Tuesday, June 15, 2010

Creating an Online Presence

For some reason the term 'online presence' sounds vaguely menacing to me. Like it's some mystical, dark force that stalks the Internet at night... and... what? Destroy peoples crops on Facebook??
I think I have read too many Stephen King books.
But speaking of Facebook- I am getting so tired of my news feed constantly being about peoples farms, or fish tanks, or bistros or their high new score in Family Feud. I am also tired of uninspired status updates: "TGIF-LOL". I mean, yes, I am glad it's Friday, but why we're supposed to laugh out loud about it, I have no idea.
Even worse is the vague status update. Like "Today's the day. Fingers crossed."
No I'm not going to take the bait and ask. I didn't care about you when you sat behind me in tenth grade and I certainly don't care about you now.
I don't try very hard to be a nice Facebook friend.
But anyways. That's not the point.

The point is that literary agents recommend creating an online presence while trying to get published as an author. Which is good news because I already have one- in the form of this blog (such as it is). But the bad news is that they suggest that they keep your blog clean cut, strictly professional- as in-- no ranting about your husbands snoring or dogs vomiting, presumably.

They didn't expressly mention dog vomit, but I think from their tone it was implied.

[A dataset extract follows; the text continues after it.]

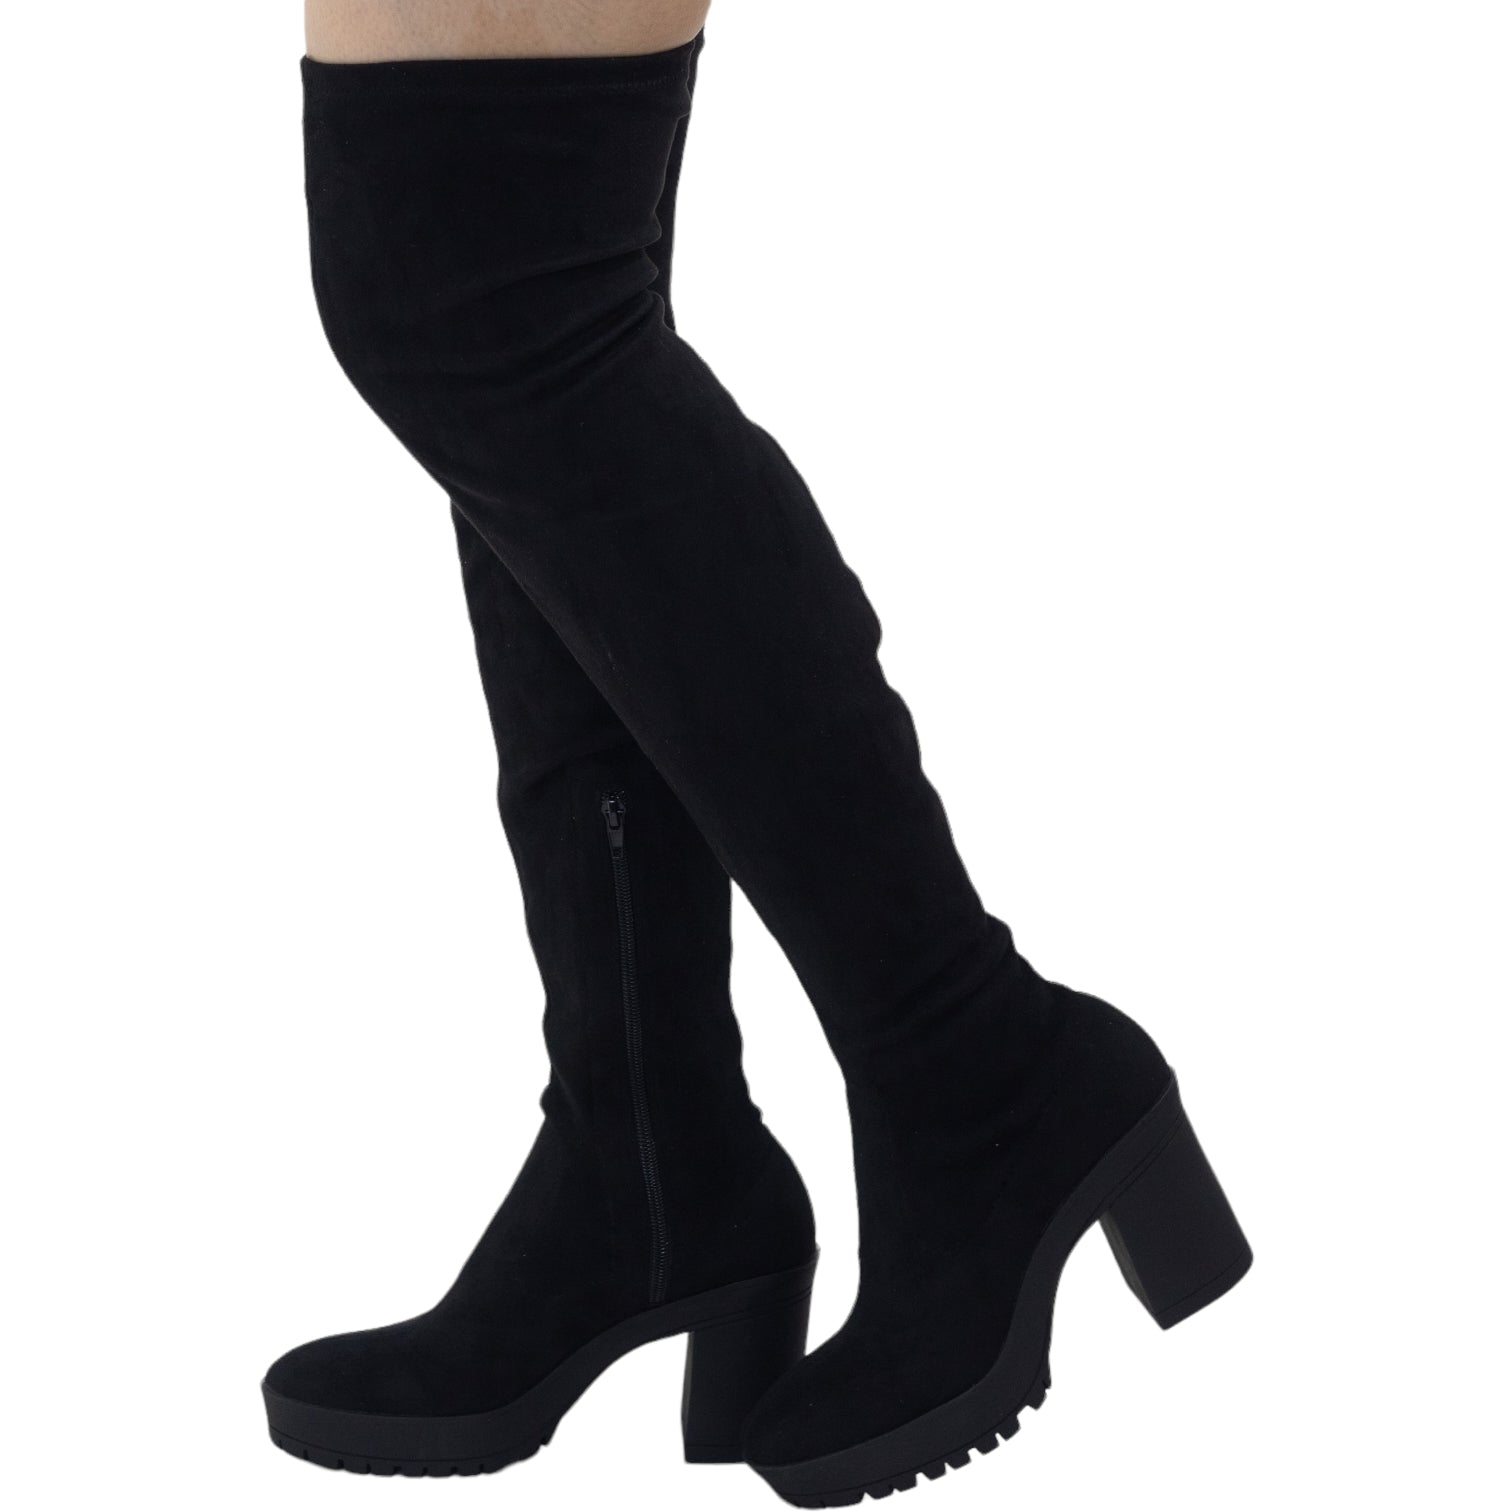 Black thigh high back boot 9cm heel garnet

But what, pray tell, is left for me to write about then?? I could write about the querying process, but honestly, I'd rather not go there. Not right now at least.

And so I pondered this.

I mean, I can see the point of keeping it clean and professional. I can. There are a lot of good things about that. And OK, maybe, in retrospect, not everyone needed to know that I had a (legitimate) concern about my husbands vasectomy when they told us that it would take twenty ejaculations before we were "all clear". My husband and I looked at each other, didn't say anything, but I think we were both doing the same frantic mental math and reaching the same conclusion-- that could take six months to a year!! And OK- maybe I shouldn't have rehashed that, being that it's now buried deep in this blogs archives, and maybe no one would have ever known about that unless they were totally looking for it. But that's my life. My real life and I don't think I should have to sugar coat it. Honestly, I don't really want to sugar coat. It's quite demanding- and yes, at the end of the day I go to bed TIRED, nothing more- but that's okay. That's the way it is sometimes when you have three kids, two of which sleep (part time) in your bed, pets, laundry, bills and a full time job to top it all off.
Well. That's how it is for me sometimes. I guess I shouldn't speak for everyone, but I am hoping that I am not alone in this. And I guess that's what compels me to write in the first place.
So, I probably won't change what I write about, but I will try to write more frequently.
The key word here- TRY.
We will see how it goes.

On a different note- Payton's wiggly tooth fell out today. Finally.
She was so excited, she came running at me full speed ahead with tooth in hand. It was a picturesque moment in time: her closing the distance between us, arms outstretched, smiling a wide, showy, toothless grin.
And then she tripped, sending the tooth careening across the lawn at the daycare. She was down and crying. I was down, searching for the tooth in the grass. Talk about looking for a needle in a haystack, I thought.
But alas, I found it- that's the power of mothers. If it were Geoff, he probably would have thrown up his hands in defeat, saying "Well, we'll probably never find it now. But the tooth fairy will pay you double if you can't find it", which would have worked just as well, I suppose.
Now it is safely tucked away under her pillow, where we will await the tooth fairy's arrival.
Which means me, so I should be going.
Good night.


Lorrie said...

They prob want you to keep it clean so if you get famous people can't sell your stories to the tabloids. I love you but if you go all Danielle Steel on me I'm totally selling you out man...just a warning.

randine said...

No worries I won't go DS... as long as you don't go vague status updates on me. Or worse. Farmville. Cuz no, I won't be your neighbor.

Lorrie said...

Try this on for size...I'm feeling it out before I post it to FB..."Lorrie thinks this rain is for the birds" or better yet, "F'ing rain I'll f'ing KILL you"!!!!!!!!!!!!!!!!!!!!!!!

nikki said...

Nikki Rigby Straker...Loves Randine's blog! She is so funny!
How do you like that status update. I could also throw in a quip about the weather, but I don't go there. Did you know that you can hide all those game updates? Well you can, and I have. Now it is just straight up stupid updates...not witty racist ones about PA, like mine!
BTW...Jay would have said the same thing about the tooth. Do you know how many times I have searched for Olivia's earrings and found them. Afreakinglot!